Reinforcement Learning Framework For Stochastic Optimal Control Problem Under Model Uncertainty
Jiaxuan Hou, Lifeng Wei
TL;DR
This paper addresses robust stochastic optimal control under model uncertainty by developing a continuous-time entropy-regularized reinforcement learning framework. It leverages Sion's minimax theorem to exchange the order of minimization over policy distributions and maximization over model distributions, reducing the robust problem to a tractable RL problem governed by a Hamilton–Jacobi–Bellman equation. The authors derive explicit solutions for linear-quadratic cases under both two-point (Bernoulli-like) and continuous (uniform) distributions, showing that optimal policies are Gaussian and that the value functions remain quadratic.
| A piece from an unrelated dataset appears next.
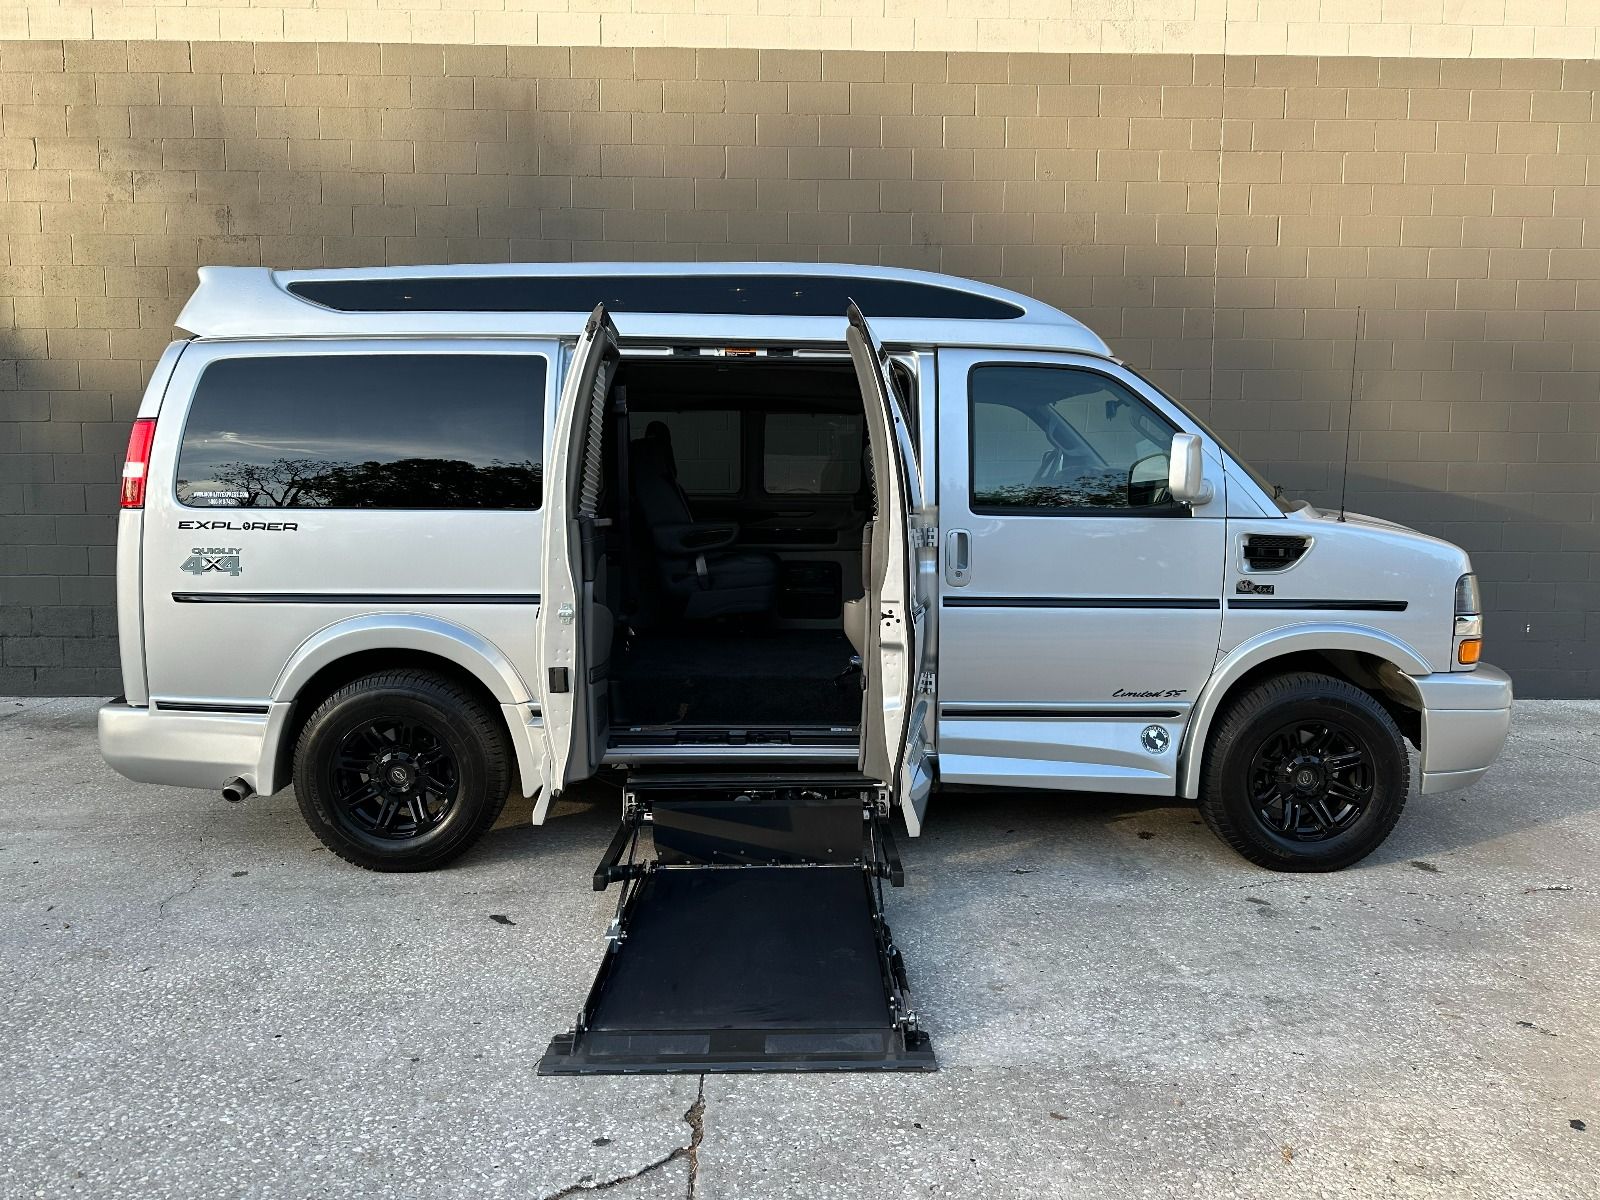 Silver Chevrolet Express Full Size Wheelchair Van with lift deployed from passenger side rear doors.

They prove solvability equivalence between classical and exploratory formulations, quantify the exploration cost, and demonstrate convergence to the classical setup as the exploration weight vanishes, highlighting practical applicability to robust control tasks.
Abstract
We develop a continuous-time entropy-regularized reinforcement learning framework under model uncertainty. By applying Sion's minimax theorem, we transform the intractable robust control problem into an equivalent standard entropy-regularized stochastic control problem, facilitating reinforcement learning algorithms. We establish sufficient conditions for the theorem's validity and demonstrate our approach on linear-quadratic problems with uncertain model parameters following Bernoulli and uniform distributions.